Oscar-winner Kevin Costner has a longstanding reputation for playing movie characters of the good-natured and/or noble variety, be they down to Earth farmers who create their own baseball field (or, if you would prefer, are responsible for raising Superman) or principled men operating on either side of the law. Perhaps that’s why it’s all the more refreshing when Costner goes bad, so to speak, playing a man with a twisted alter ego in 2007’s Mr. Brooks or a lifelong law-breaker unable to empathize with others in this year’s Criminal.

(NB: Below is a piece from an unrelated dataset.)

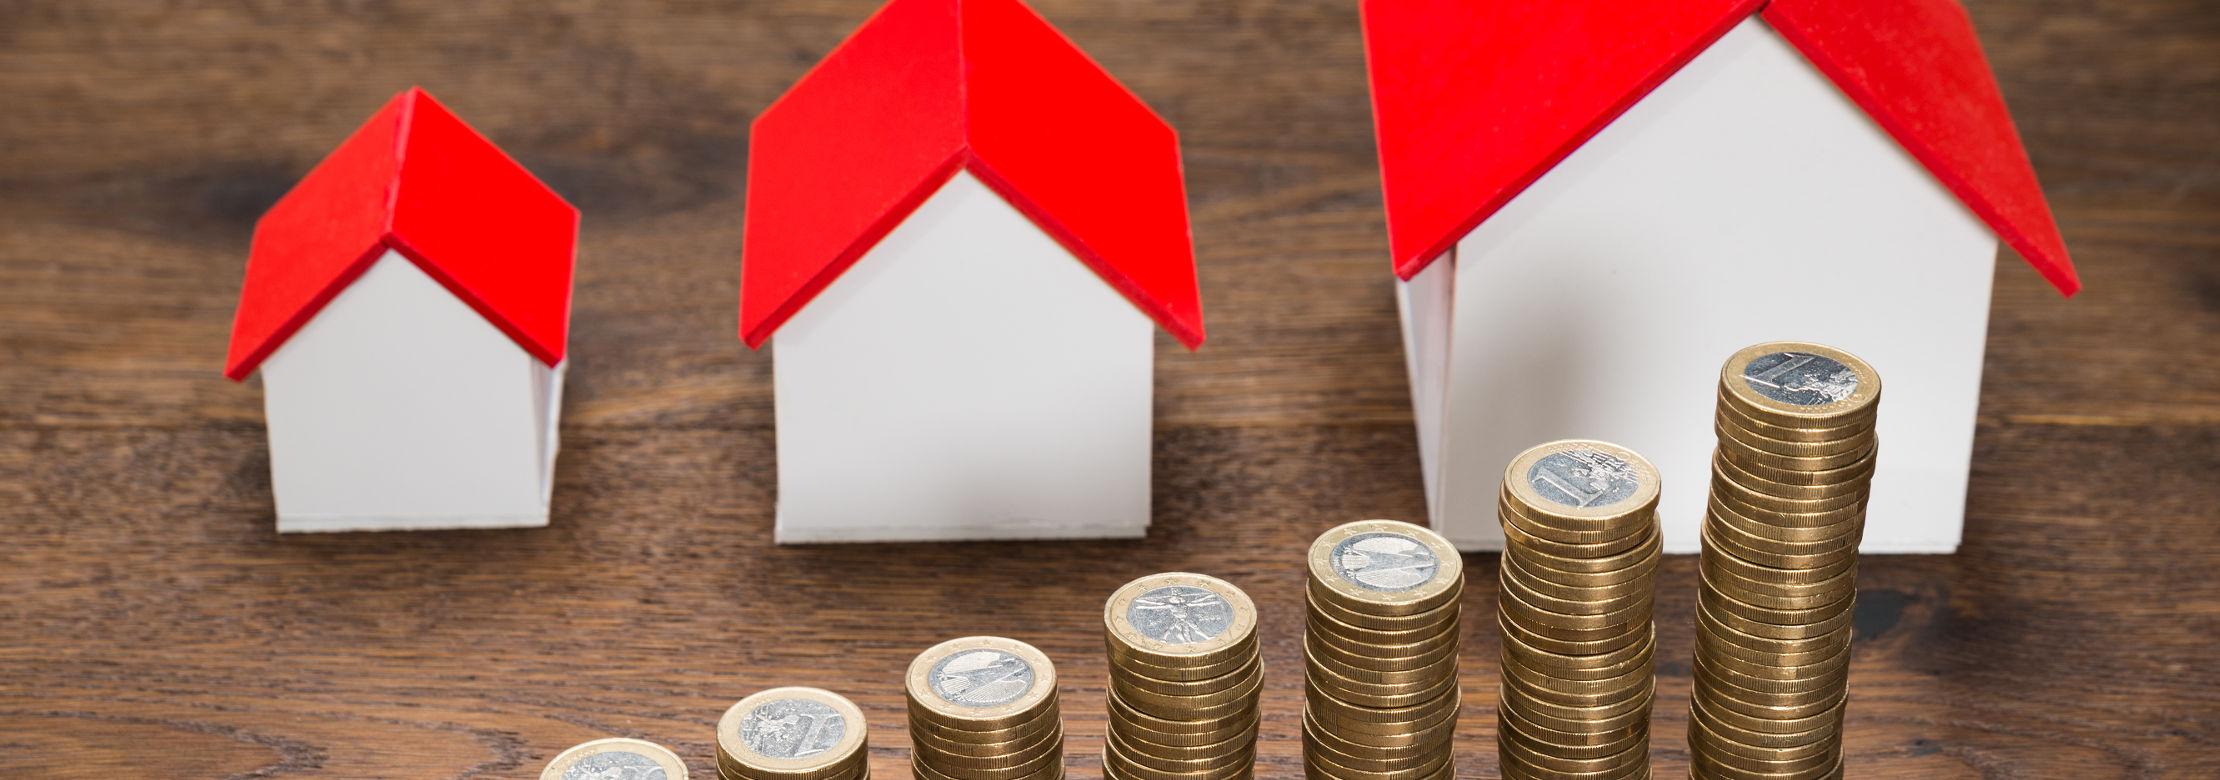 Działalność gospodarcza w miejscu zamieszkania a podatek od nieruchomości

Criminal, for those who didn’t see the film in theaters, stars Costner as Jericho Stewart: a longtime convict whose behavior can be partly attributed to a brain injury that he sustained when he was a child. As it turns out, Jericho’s under-developed frontal lobe makes him the ideal candidate to undergo an experimental surgery; wherein, the memories of recently-deceased CIA agent Bill Pope (Ryan Reynolds) are transferred to Jericho’s mind, allowing him to recover key information that Bill had before he was killed on a mission that involves a hacker who claims to have gained access to the U.S. government’s Intercontinental Ballistic Missle (IBM) system.
Lionsgate will release Criminal on DVD and Blu-ray tomorrow (Tuesday, July 26th, at the time of writing this), so today we’re unveiling an exclusive special features clip from the movie’s home release, titled “Kevin Edits”. The clip features Criminal director Ariel Vroman (The Iceman) talking about how Costner played a role in the editing process on the film, followed by Costner offering his own thoughts on how movies are creatively under-mined when they’re edited in order to fit what is deemed to be a commercially-viable running time.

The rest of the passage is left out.